Jednymi z największych ataków DDoS w 2015 roku są między innymi ataki na Sony PlayStation i sieć Xbox Live.
Ataki na gry online stały się głównym celem „uderzenia” – w ostatnim kwartale zanotowano 50% wzrost
ataków na te platformy.

Kto stoi za atakami DDoS?

Ataki DDoS zazwyczaj są anonimowe, większość ich autorów korzysta z fałszowania adresów IP, aby źródło
ataków było niemożliwe do zidentyfikowania.

[Aby zobaczyć linki, zarejestruj się tutaj]

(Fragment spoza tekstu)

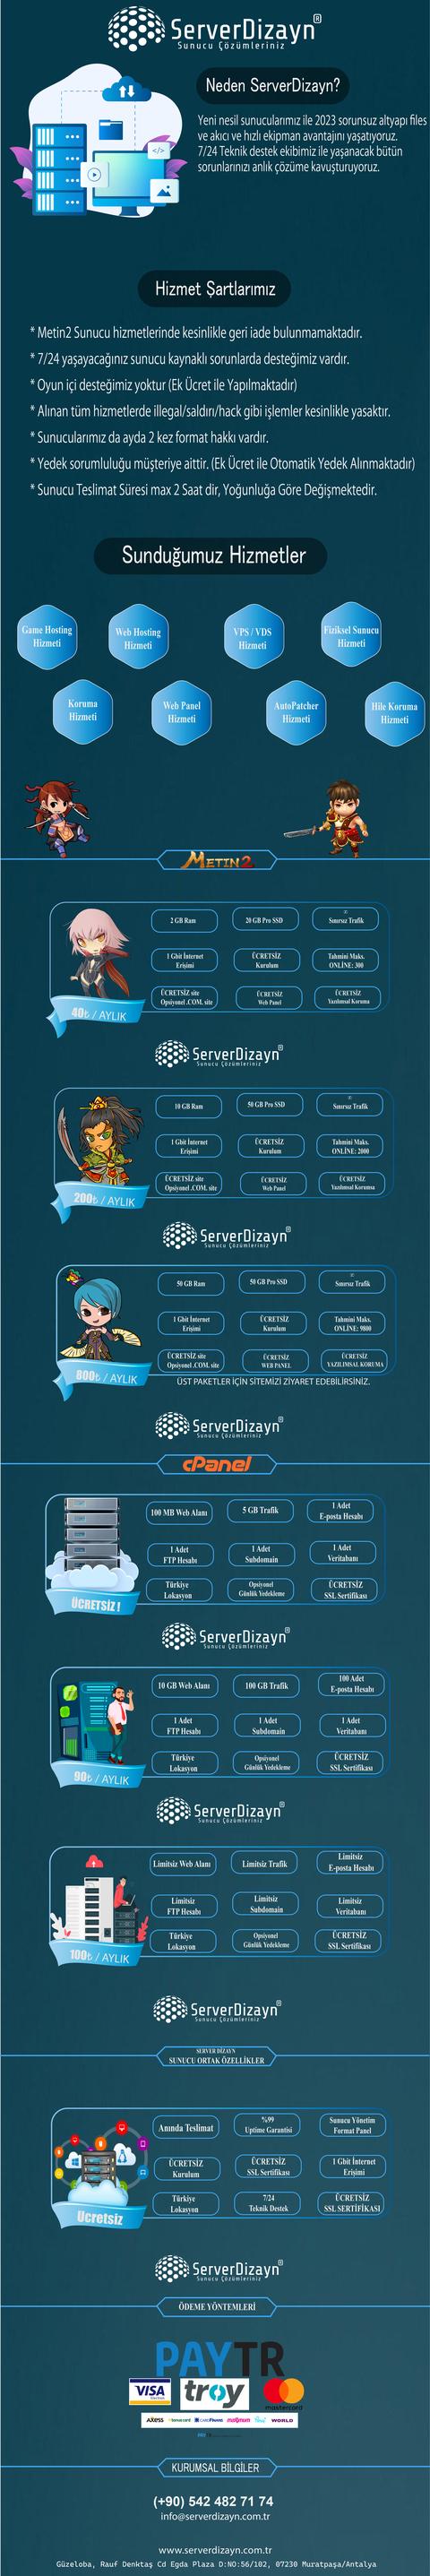 ServerDizayn.com.tr | Ücretsiz Hosting - Performans Canavarı VDS Sunucular - Metin2 Sunucuları
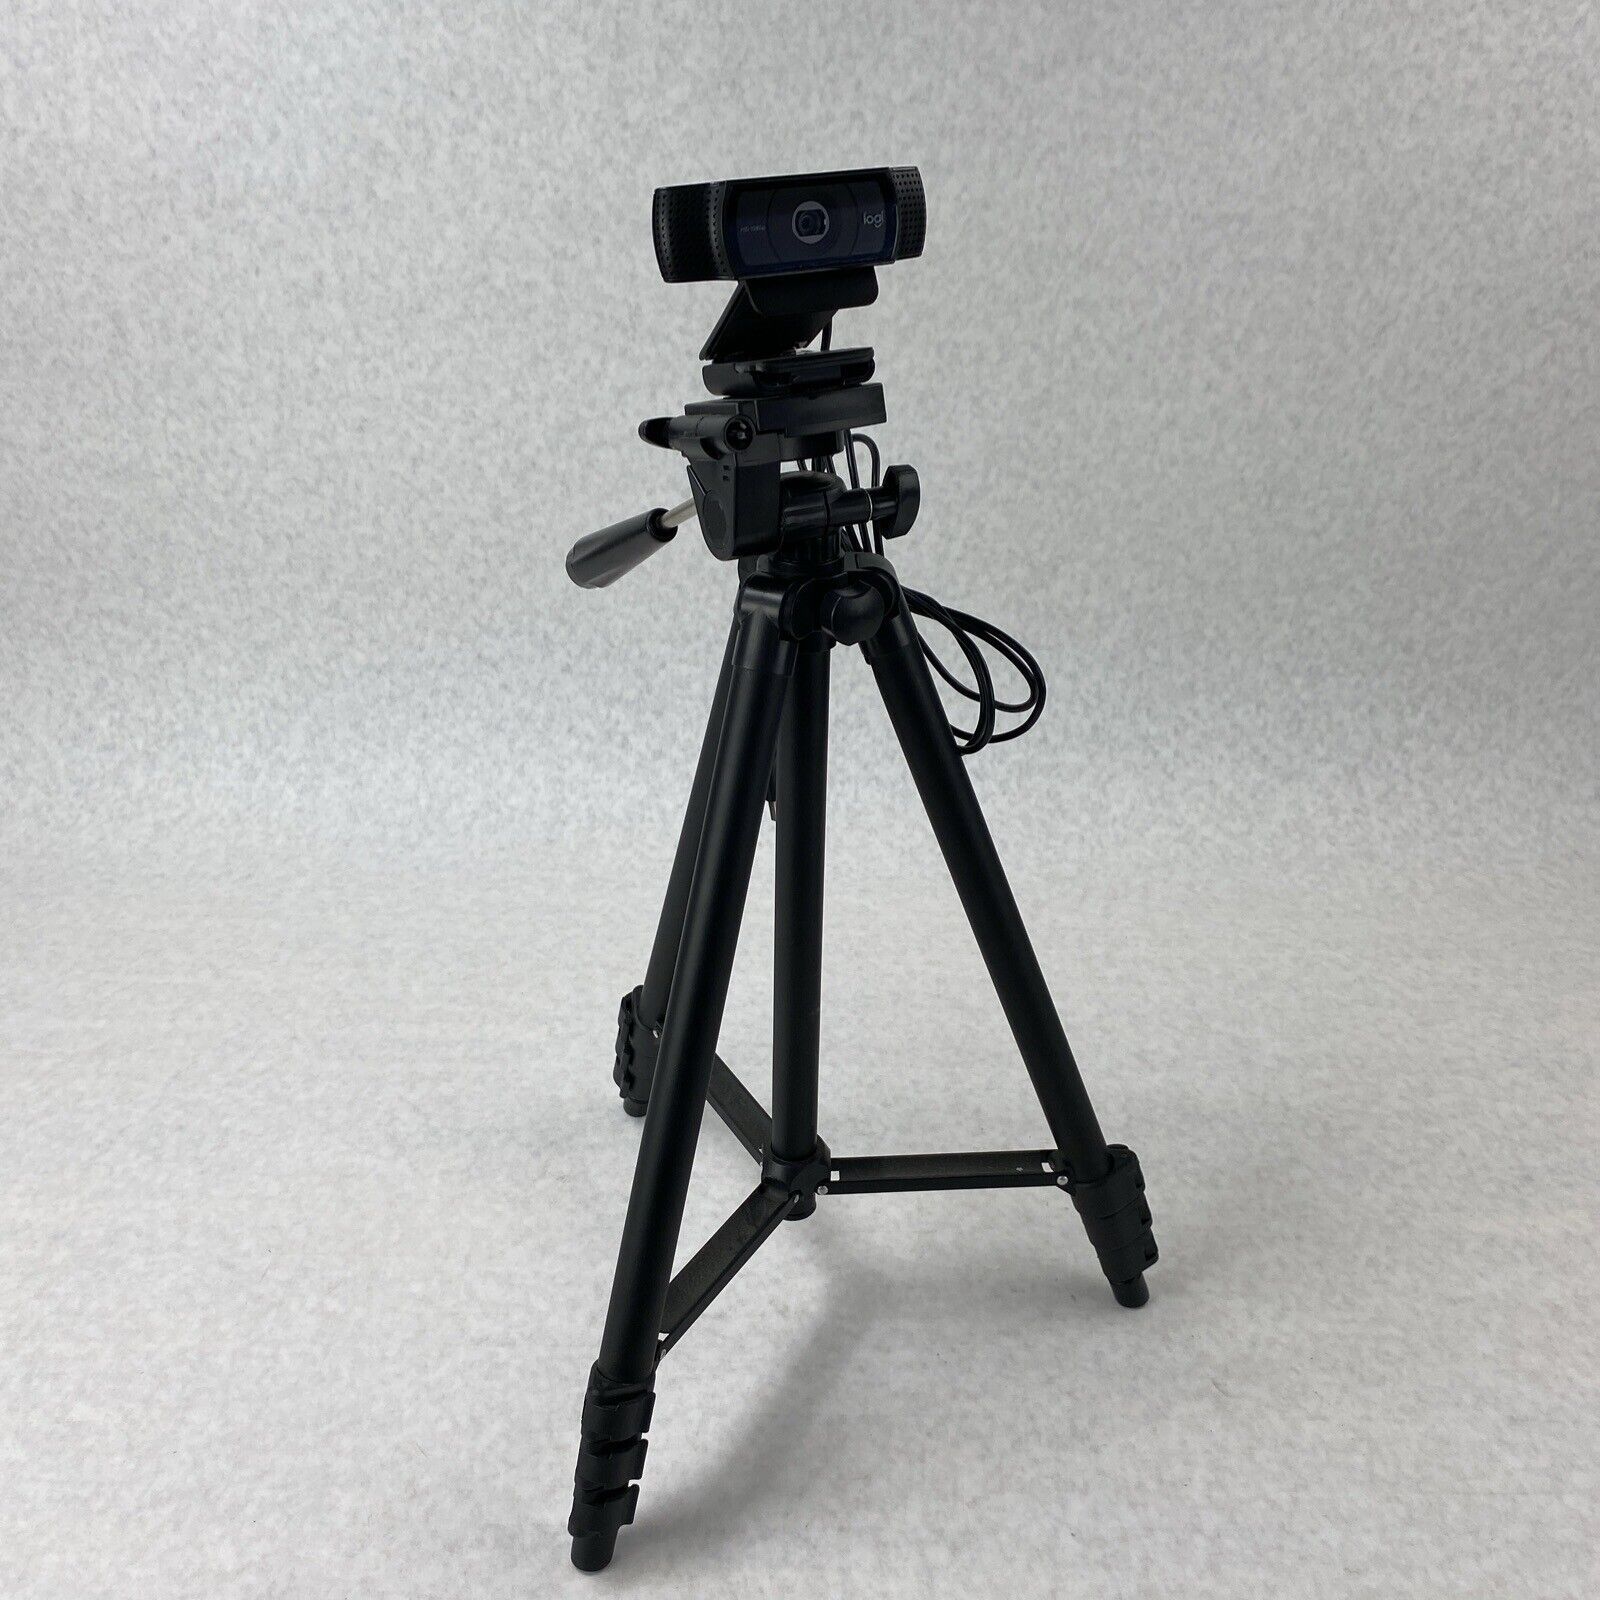 Logitech C920 HD 1080p USB Wired Pro Webcam 860-000560 w/Adjustable Tripod Stand

Każdy może paść ofiarą ataku DDoS w ciągu kilku sekund, przygotowaną przez grupę cyberprzestępczą,
sponsorowaną przez państwo grupę hackerską, niezadowoloną studentkę szukającą zemsty lub hakera
chcącego zrobić dowcip. W dzisiejszych czasach przygotowanie ataku może okazać się bardzo łatwe, jeśli jego
autor orientuje się w temacie i wie gdzie szukać. Co więcej, atak może być wdrożony poprzez wykupioną usługę
„DDoS na zamówienie”, dostępne też są gotowe zestawy narzędzi dostępne dla każdego, kto ma minimalną
wiedzę na temat ich wykorzystania.

Zdarza się również, że ataki DDoS mają za zadanie odwrócenie uwagi personelu IT. Podczas, gdy jest on zajęty
rozwiązaniem problemu, napastnik może za pomocą złośliwego oprogramowania przygotować inne rodzaje
ataków z większymi konsekwencjami dla bezpieczeństwa.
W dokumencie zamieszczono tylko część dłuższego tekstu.